Informal discussion with the IETF

Date: 26 July 2007, 8pm-10pm

Place: Palmer House Hilton
            Wabash Parlor on the 3rd Floor
            17 East Monroe Street
            Chicago, IL 60603

An "informal discussion" session was being held in conjunction with the IETF Chicago chapter and the IETF. A panel comprised of the following people all of whom have technical expertise across a wide variety of areas was available in a "Questions and Answer" session:

  • Brian Carpenter, IBM/Former IETF Chair
  • Olaf Kolkman, NLnet Labs/IAB Chair
  • Danny McPherson, Arbor Networks/IAB member
  • Dave Oran, Cisco/IAB member
  • Lixia Zhang, UCLA/IAB member

Questions and Answers

  1. What is IETF doing about evolving threats in their Working Groups?

    Danny: Unwanted Traffic and Security crosses all the areas of the IETF and there is a lot of work going on in the IETF WGs on this topic.

    Dave: It is important to make protocols less perceptible to threats. Often adding features that mean to prevent threats, can be counter-productive. Some of those mechanisms over-react (for instance won't let any traffic through anymore). We need to be sufficiently aware of other work in other areas in the IETF.

    Olaf: There are a number of areas where the IETF does not do work and is not able to do work: virus, botnets, spam etc. The IETF develops protocols by which entities communicate. This is irrelevant of the content of that communication. You cannot see what it will be used for when the protocol gets developed. You can develop protection mechanisms, but you cannot forsee the actual data that is being transmitted.

    Brian: This is an important point. As an example: when the mail protocol delivers spam, it is exactly what it is supposed to do (from a protocol point of view).

  2. How will ICANN's current and future power and responsibilities affect the IETF and its work?

    Brian: The IETF does not do politics. There is an MoU between the IETF and ICANN which draws a precise line: IANA assigns technical parameters acccording to instructions it gets from the IETF. Except for policy questions connected to assignments of TLDs and IP address space (and here except for those that are used for purely technical reasons). As long as we stay within these boundaries, things are clear for the IETF (and we do not need to care about what TLD is delegated and why).
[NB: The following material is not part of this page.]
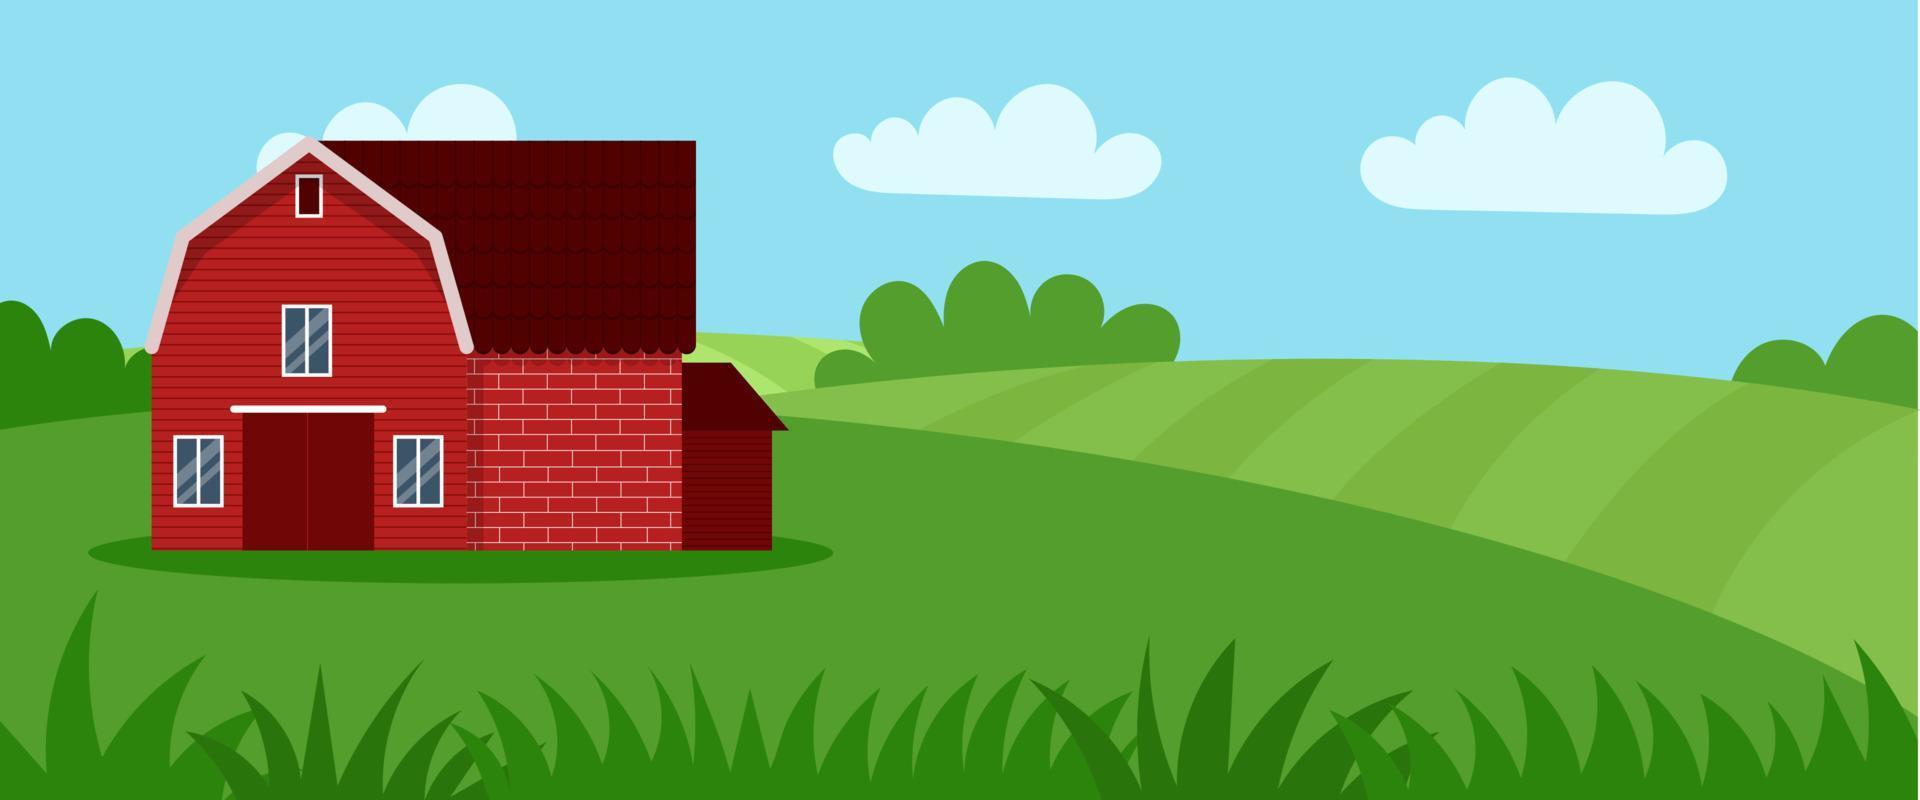 casa de campo en un prado verde, construcción agrícola. ilustración de vector plano sobre un fondo de cielo azul con nubes.campo de panorama de paisaje rural de dibujos animados.banner para sitio web
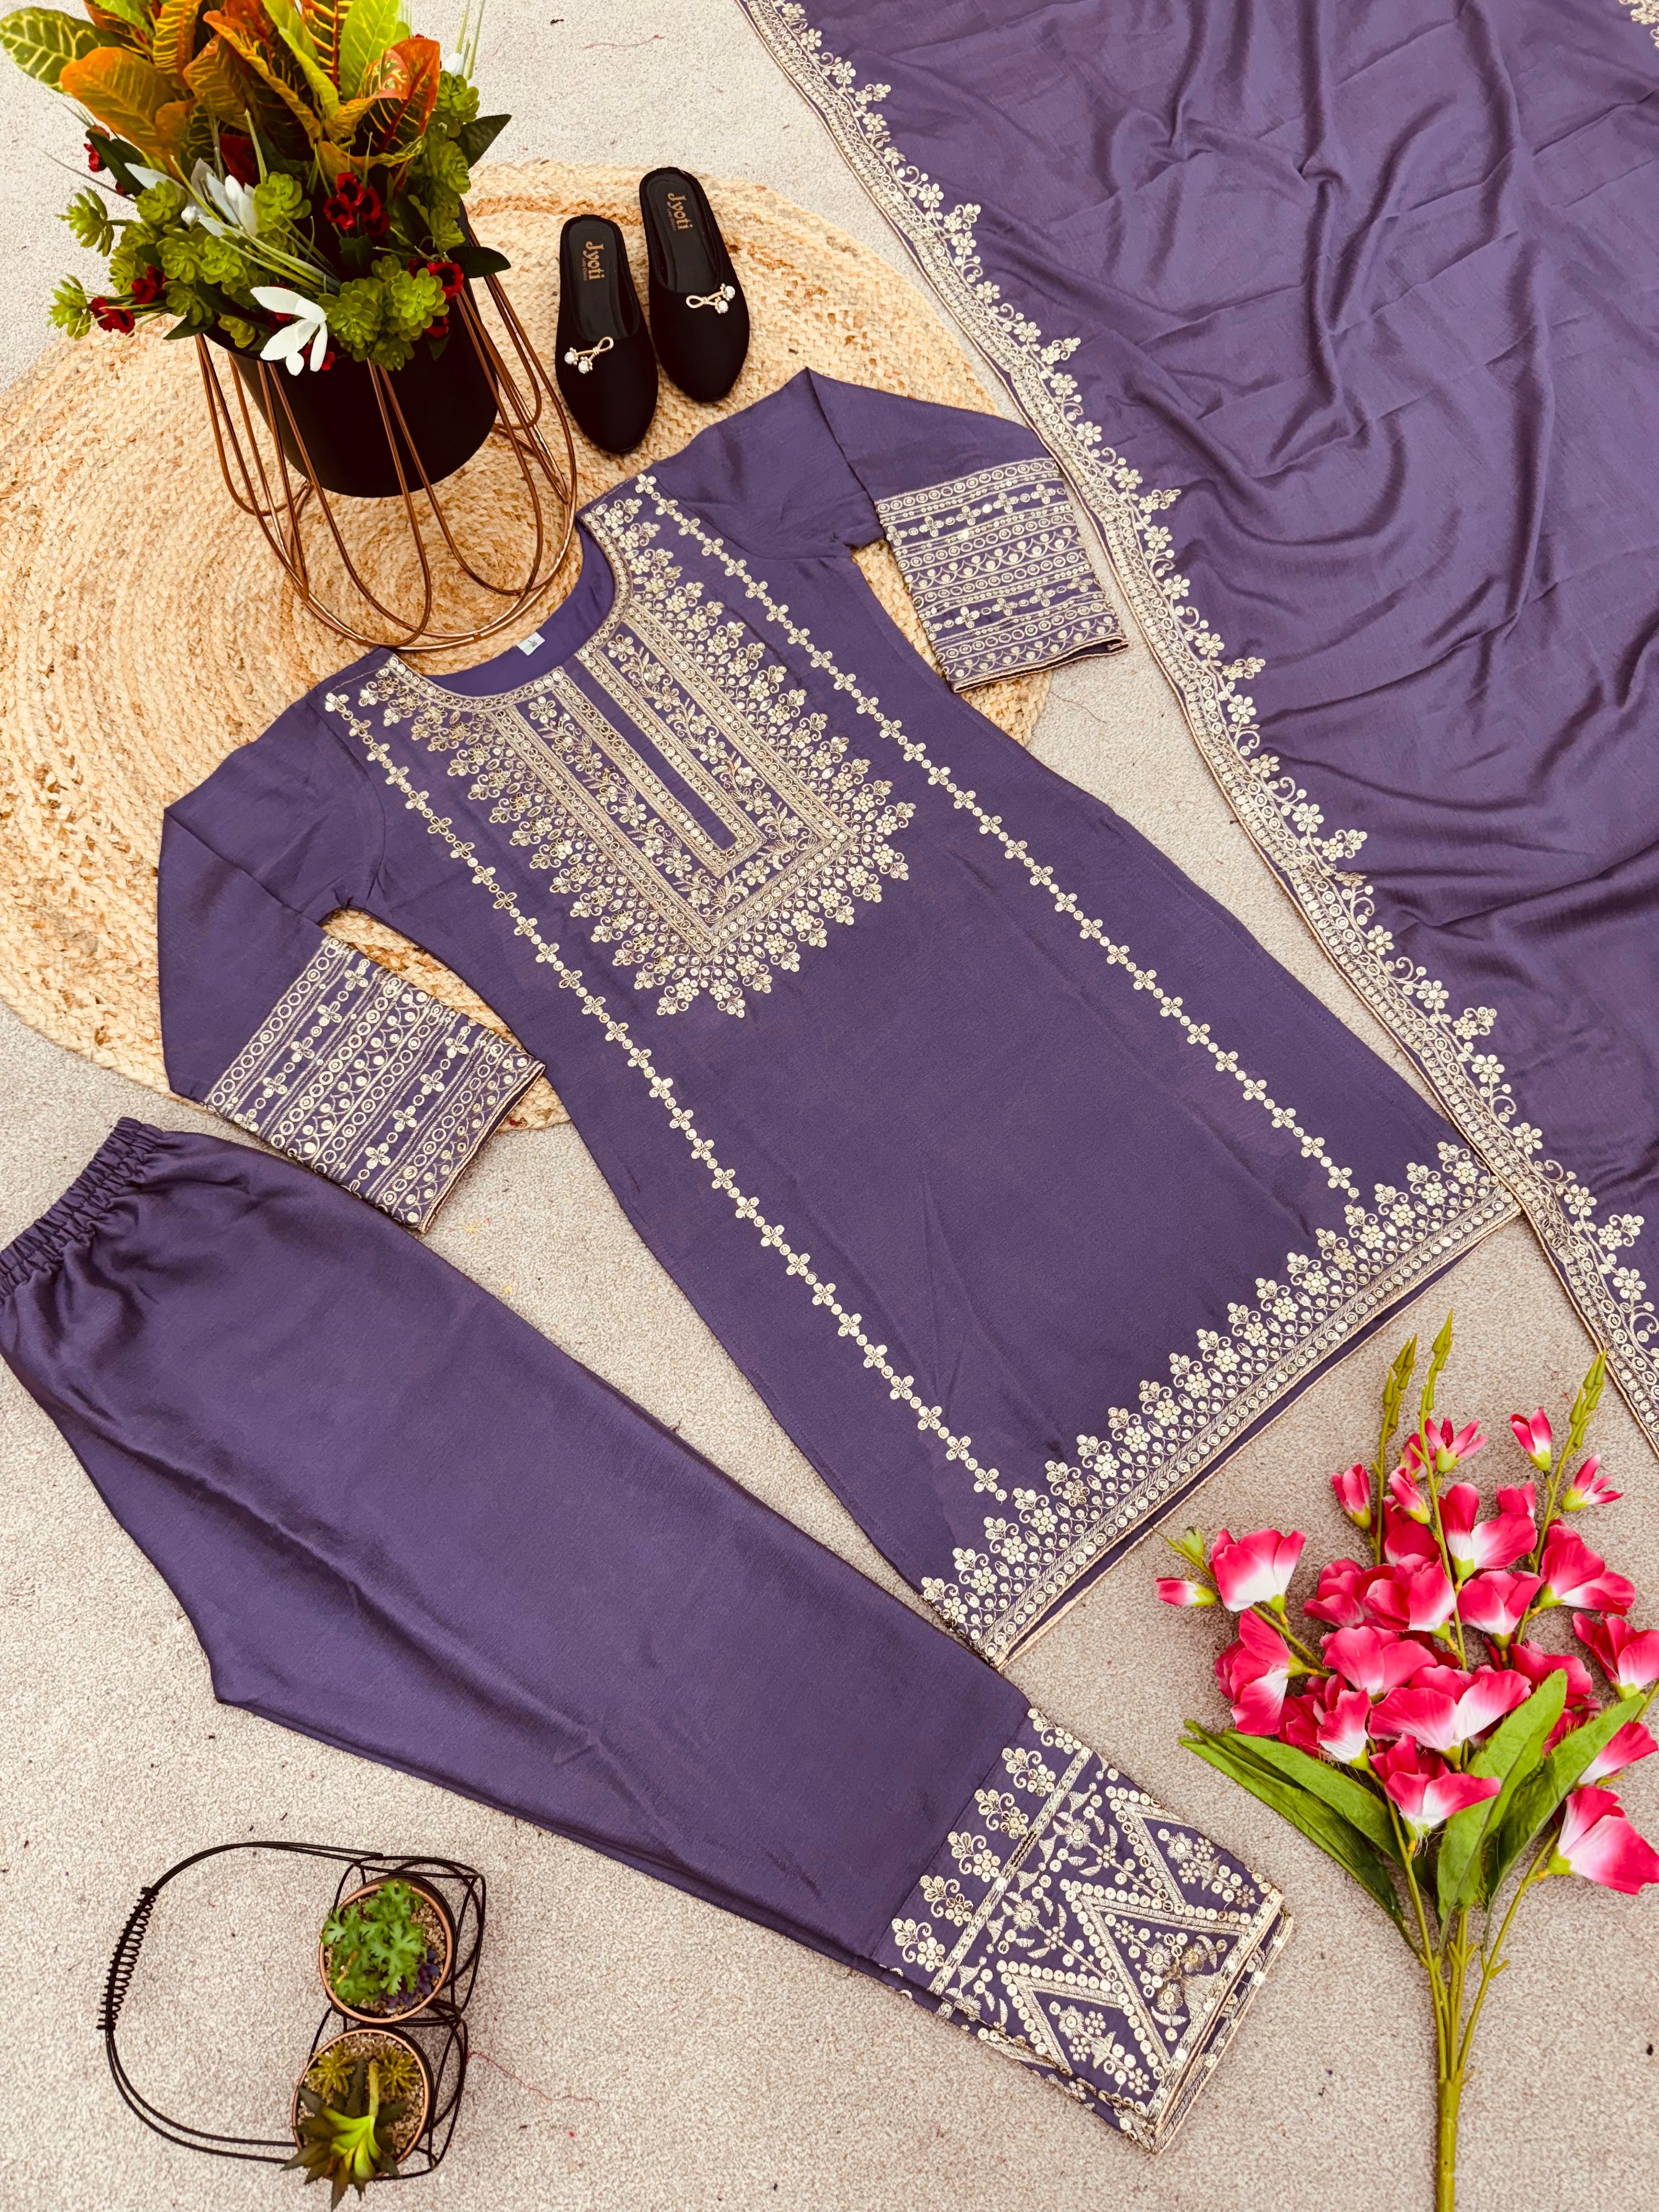 Lavender Color Full Sleeve Embroidery Work Salwar Suit

  3. What are the major future challenges for the Internet, near term and long term, and how do you propose to solve these challenges?

    Lixia: It is always hard to predict future, but looking at the past can offer some hints for the future. back in the early days of networking, there were two hard problems: congestion and routing. Over the years we seem to have grasped a good handle on the congestion problem. Not only we developed successful congestion control protocols but also technology advances helped us out tremendously. Congestion control can prevent congestion collapses, but good performance requires adequate bandwidth, which is met by technology advances.

    However routing remains a major problem today. It is not because we made no progress, but the problem has changed: the goal used to be picking the best, i.e. shortest path. Nowadays data must follow paths that costs the least money, i.e. complex policies got introduced in the routing. Also the global routing table is growing out of control. Late last year we passed the 200.000 threshold, today we have 240,000 entries, faster than linear growth.

    Besides the forever existing routing challenge, we now also face a new challenge of network security. This is a much tougher problem than scalability. However we should not be surprised that we have a security problem today. Some research papers blame that the original design of the Internet did not take security into account. But that is not entirely fair: initially it was designed for a specific environment that it was supposed to work within. The original designers of the Internet did a great job which enabled the Internet to grow to its current size.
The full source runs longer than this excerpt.